Output, exactly as written, the lines below from the one that has "Clay Angel (7002-1)" through the one that has "Dr Martens Carlson"; nothing else, and no pictures.

---------- Data to examine ----------

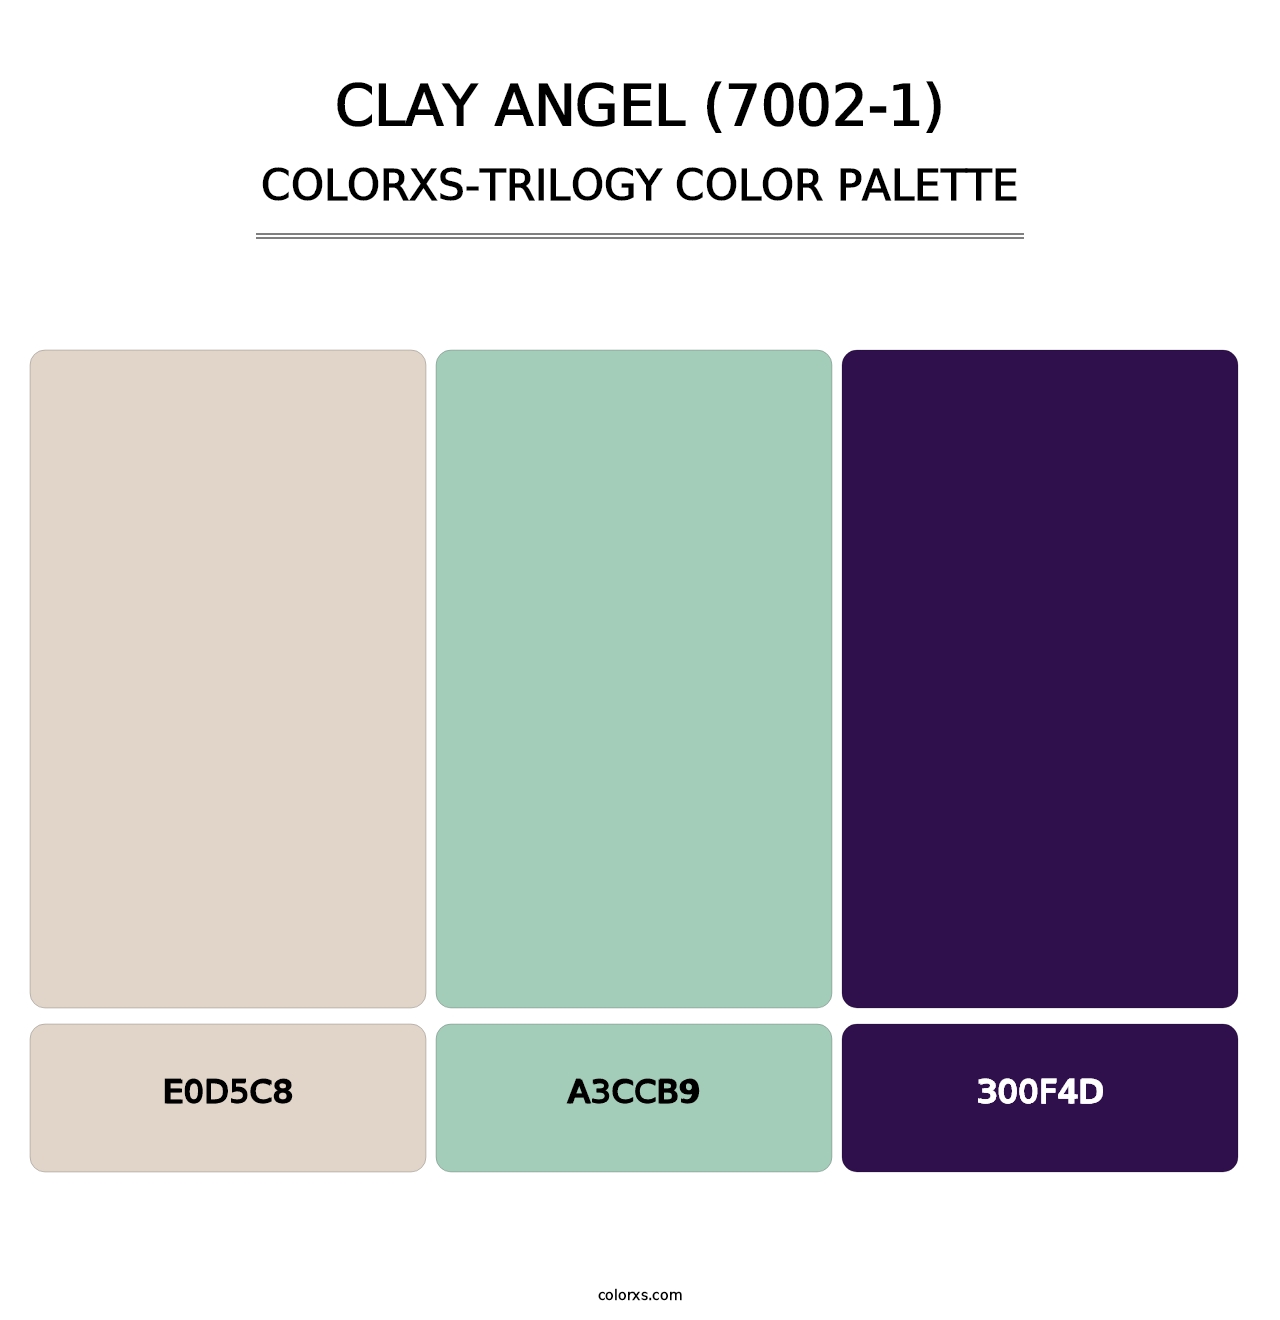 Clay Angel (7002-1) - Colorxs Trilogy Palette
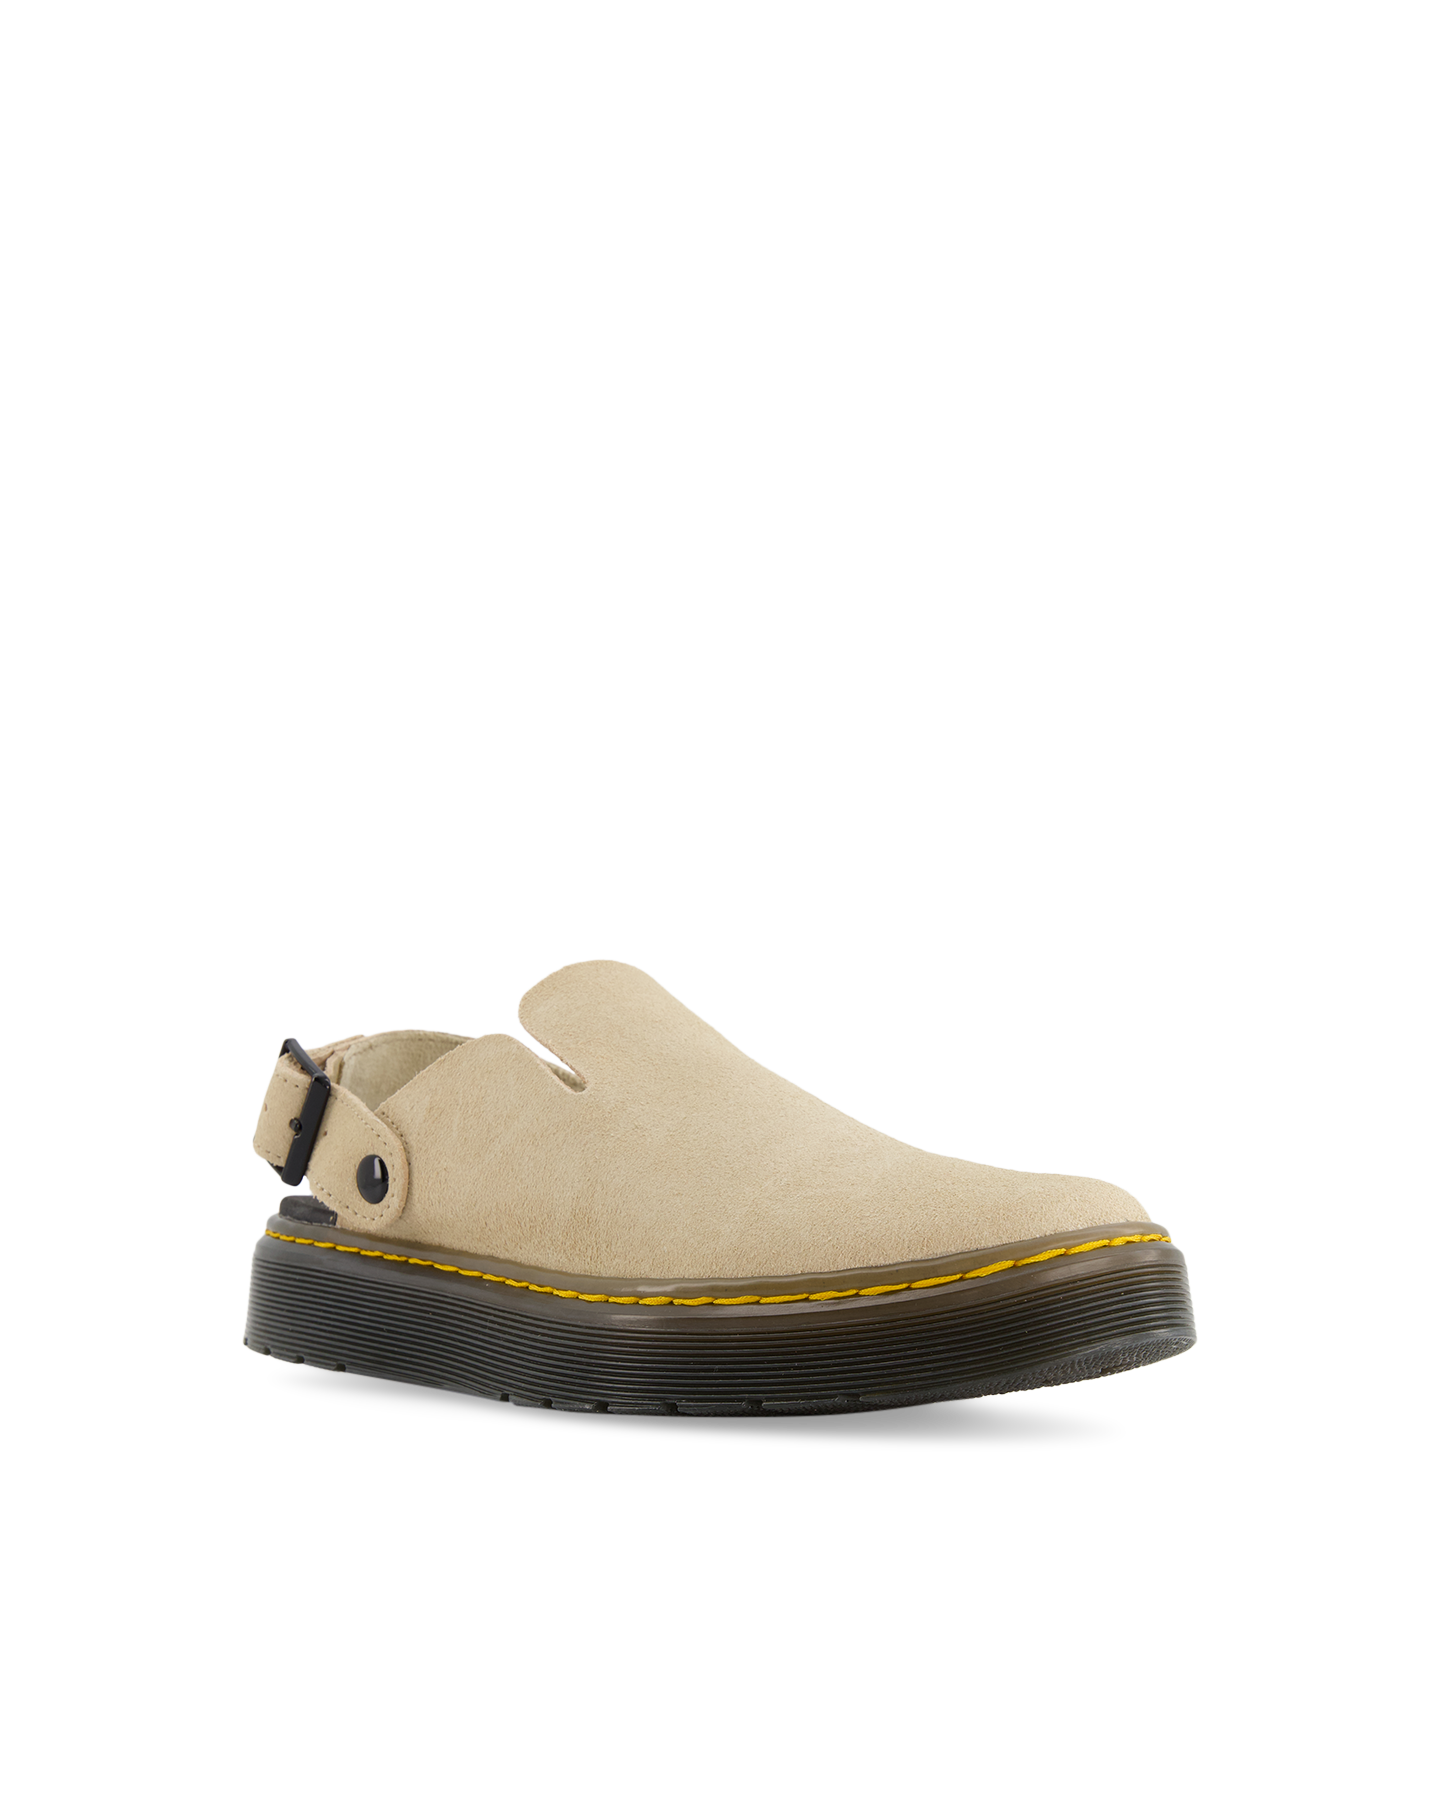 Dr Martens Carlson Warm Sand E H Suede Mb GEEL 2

----------
---------- Data to examine ----------

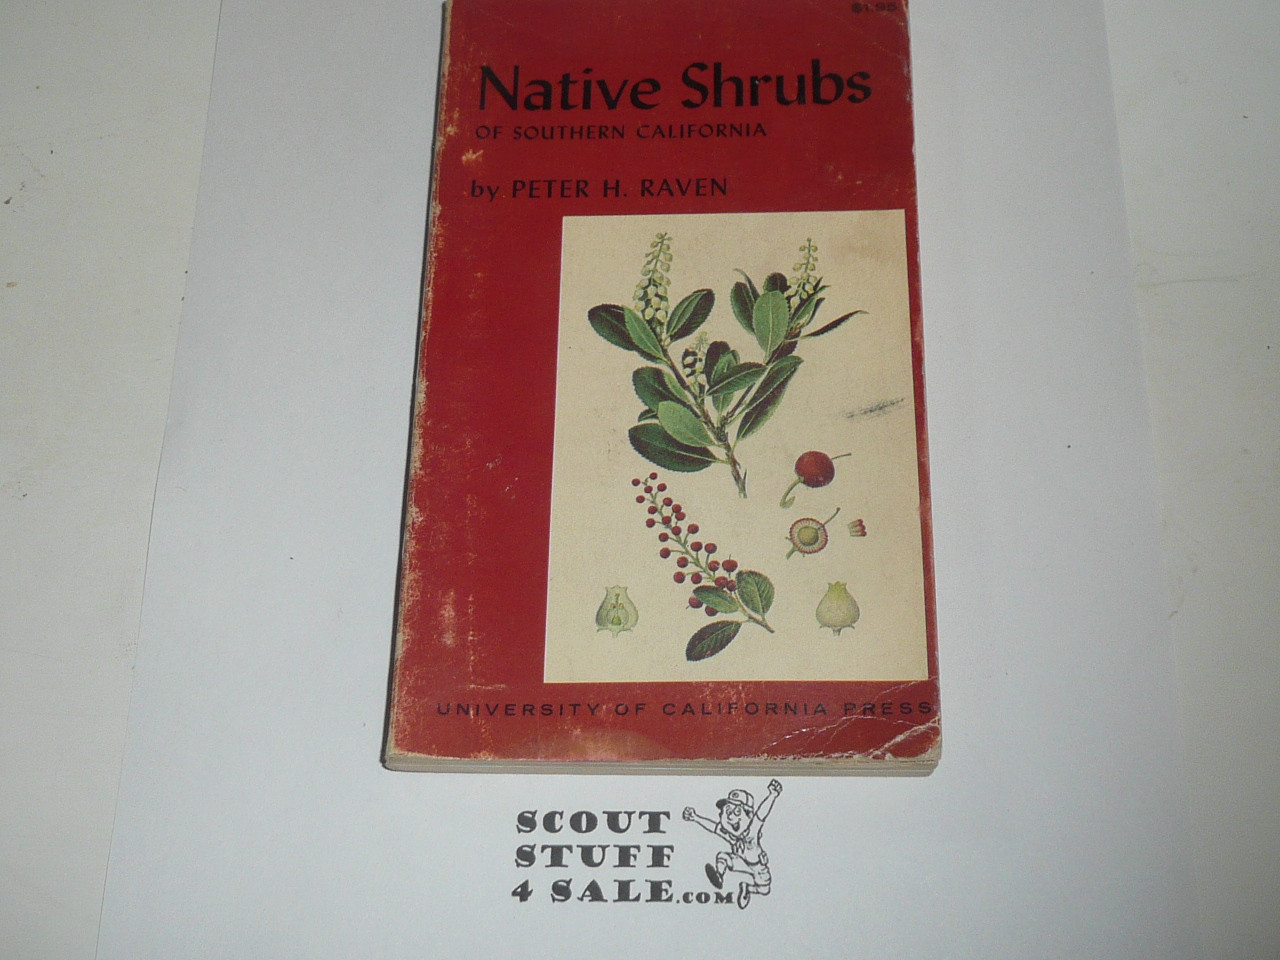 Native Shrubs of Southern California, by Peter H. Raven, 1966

----------

:: Result ::
 Clay Angel (7002-1) - Colorxs Trilogy Palette
 Dr Martens Carlson Warm Sand E H Suede Mb GEEL 2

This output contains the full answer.